Locals Hold "Die-In" In Solidarity With Victims of Police Shootings

Posted By on Thu, Dec 4, 2014 at 5:19 PM

When news broke Wednesday night that white New York City police officer Daniel Pantaleo would not be indicted in the chokehold death of Eric Garner, a 43-year-old black man who was allegedly selling loose cigarettes, Memphians Naomi Van Tol and Tami Sawyer took to Twitter with their frustration.

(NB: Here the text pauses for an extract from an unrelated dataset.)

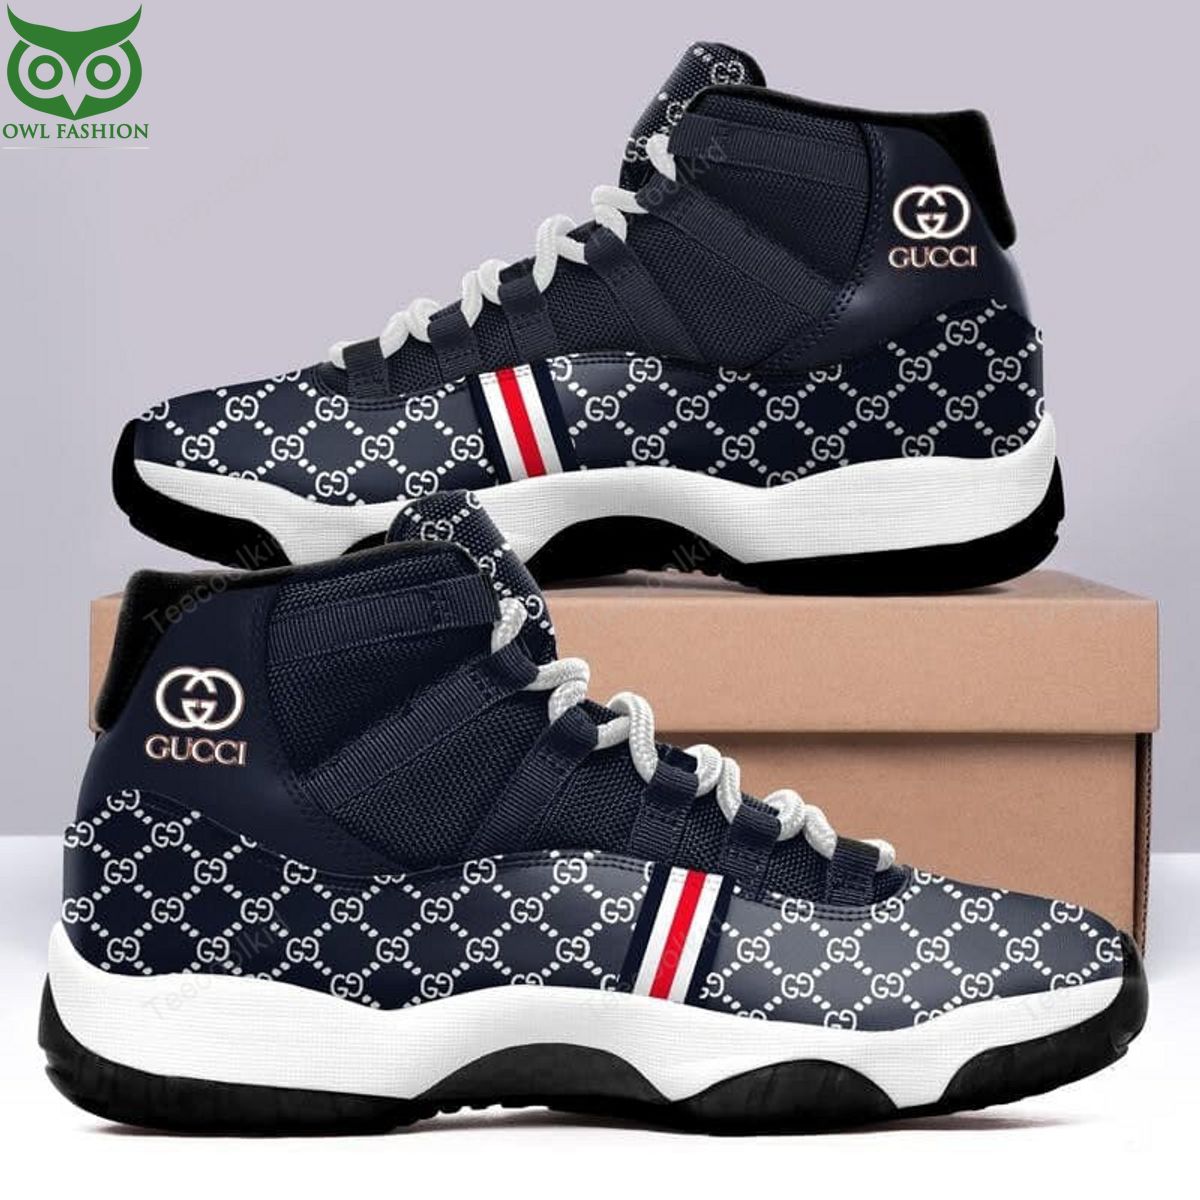 Limited Gucci Running Sneakers Air Jordan 11

The news about Pantaleo came just a little over a week after a Ferguson, Missouri, grand jury decided not to indict officer Darren Wilson, who is white, in the shooting death of Michael Brown, an unarmed black teenager. It was too much for Van Tol and Sawyer to deal with. The pair didn't know one another before the incidents, but they befriended on Twitter over their frustration. Sawyer suggested staging a solidarity "die-in" demonstration similar to those being held all over the country.

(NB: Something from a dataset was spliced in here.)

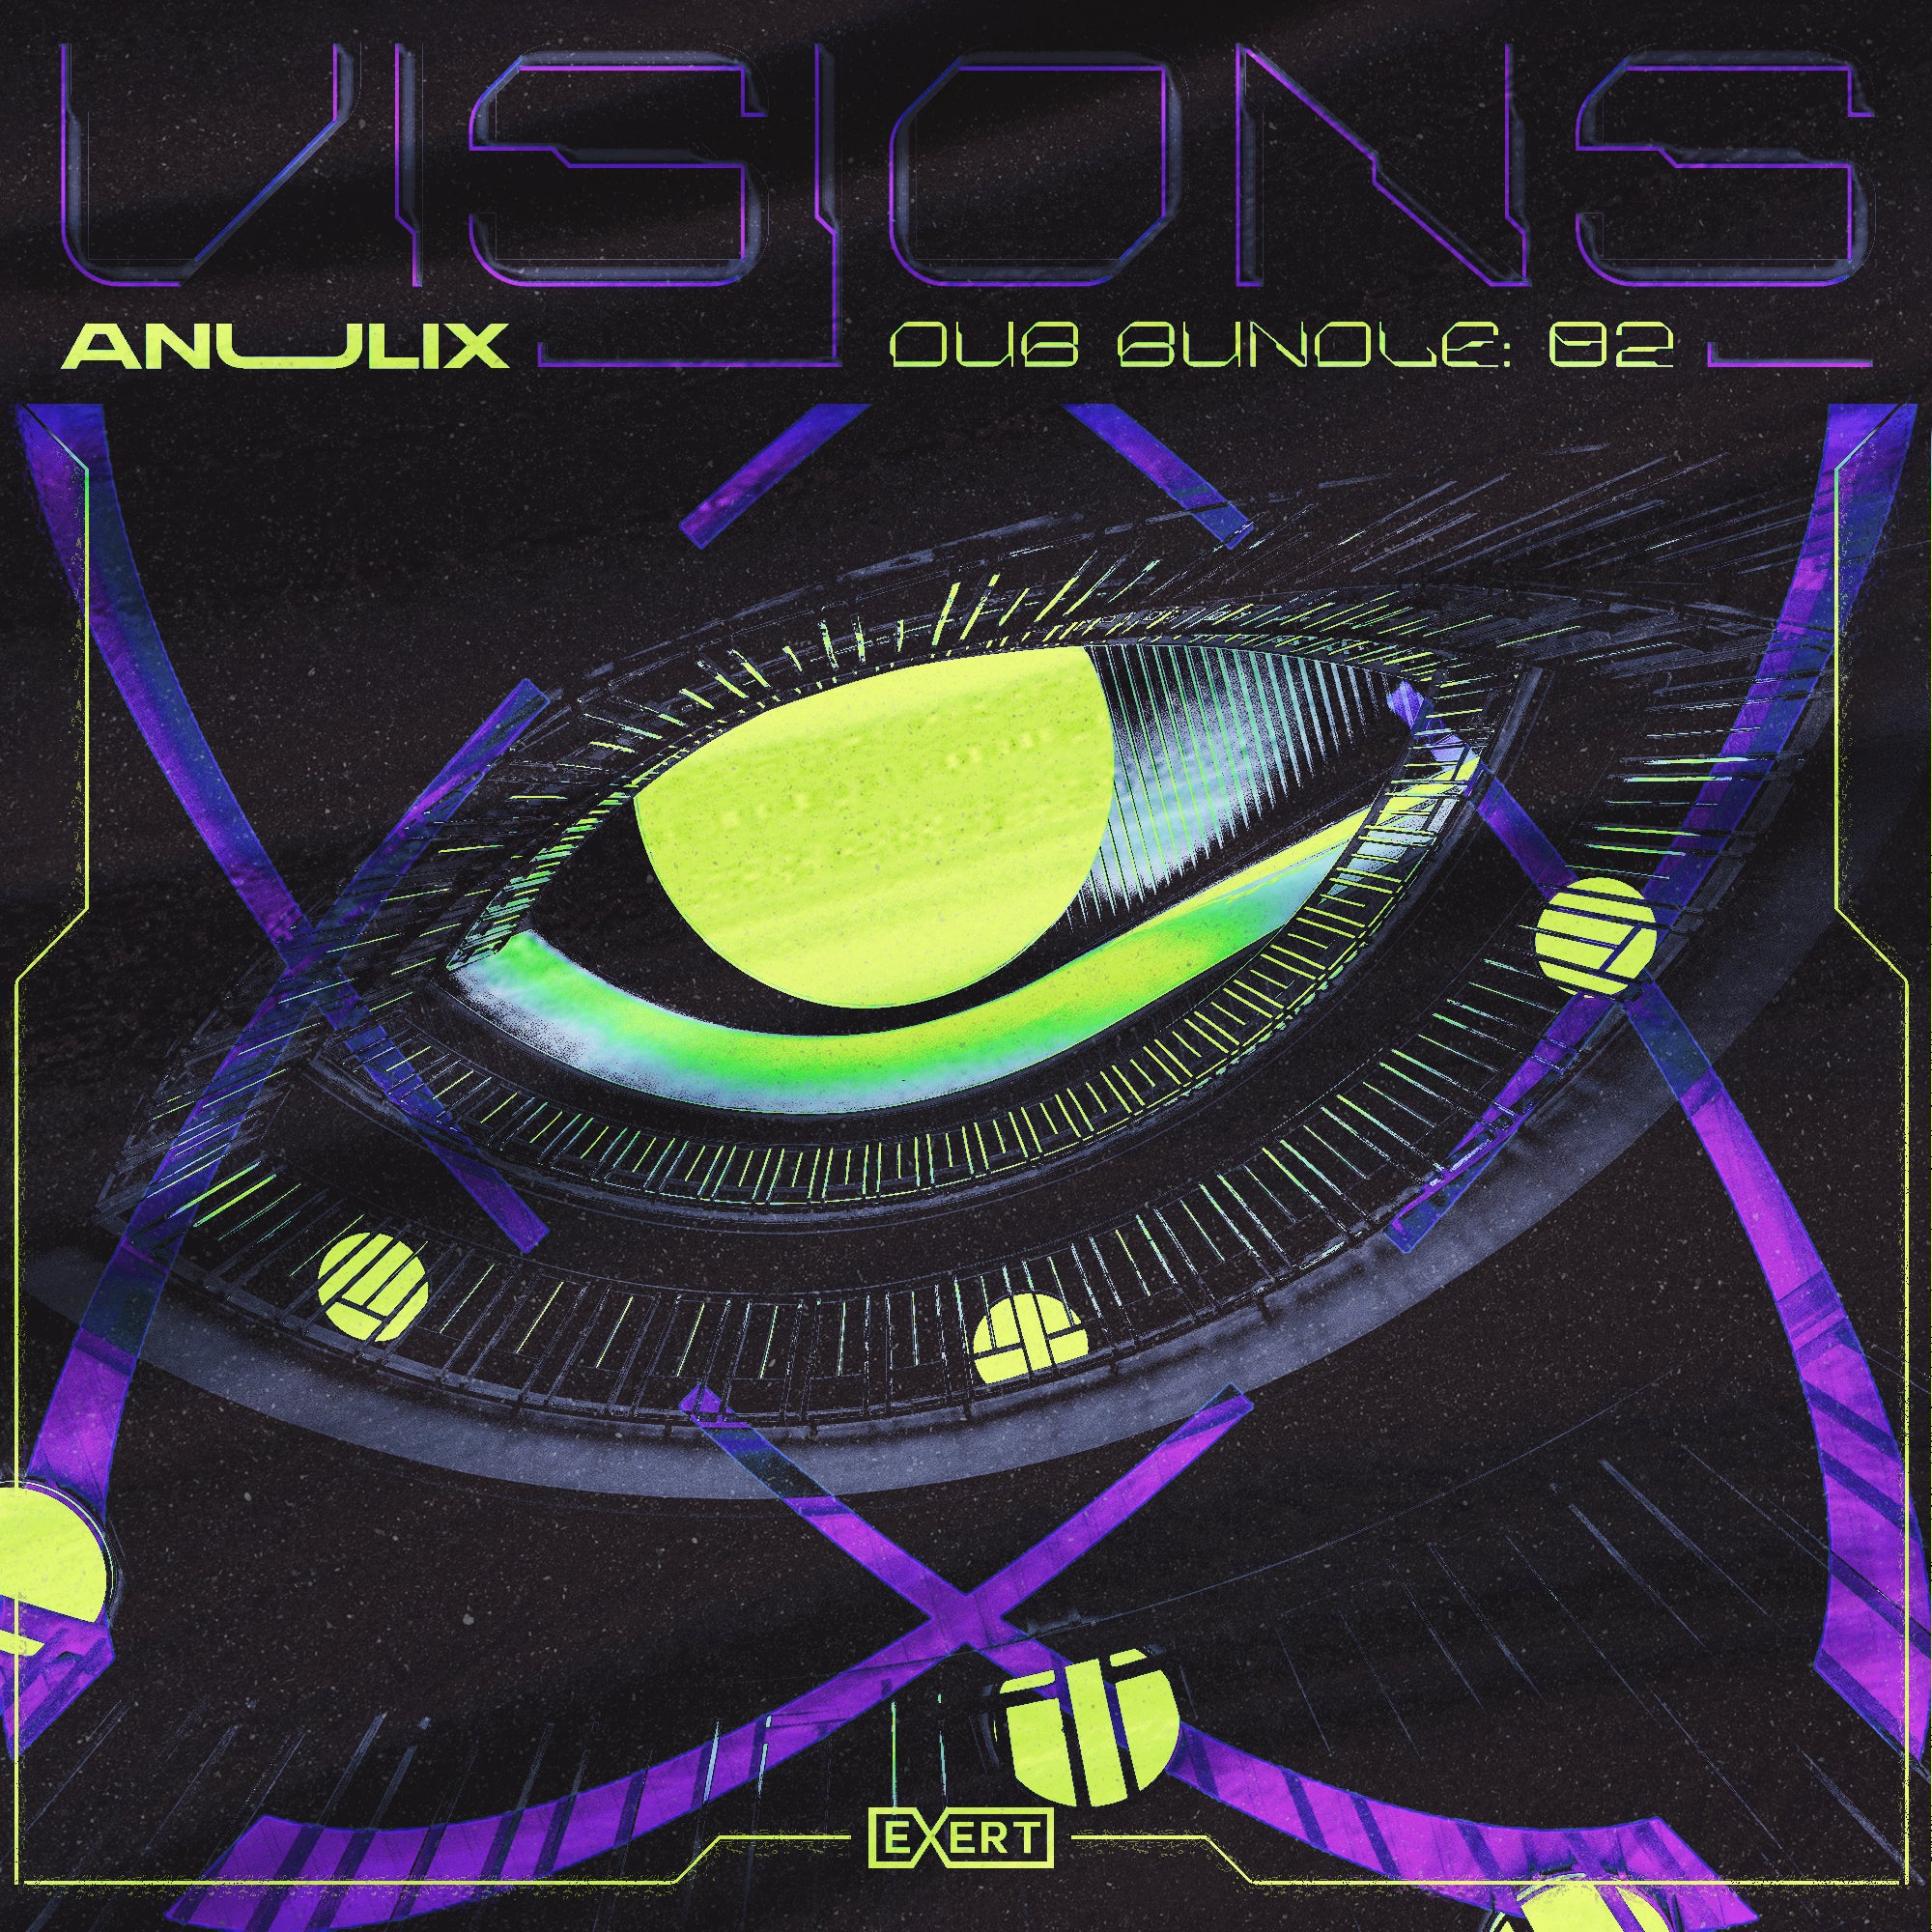 Anulix - Visions 2 Dubpack

Sawyer said they chose the National Civil Rights Museum as the location and quickly organized the demonstration on social media.

"What better way to let America know that black lives matter than holding a demonstration in front of the Civil Rights Museum," Sawyer said.

About 50 people showed up Thursday afternoon to play dead on the grounds of the Civil Rights Museum.
Peter Gathje from the Manna House was there.


And the Adam and Kristie Jeffrey, owners of Imagine Vegan Cafe in Cooper-Young, showed up with their family.


Once assembled, the group gathered in a circle and held hands, chanting "Black Lives Matter."


Then, one by one, the protesters laid down on their backs, continuing their chants of "Black Lives Matter" and "We Can't Breathe" (in honor of Garner, who told Pantaleo that he couldn't breathe as he was being choked). They laid on the ground for 10 minutes.




Sawyer and Van Tol lay next to one another.


After the ten minutes were up, the protesters departed. A couple Memphis Police cars parked a few feet away from the protest, and officers watched from their vehicles but didn't approach the protesters.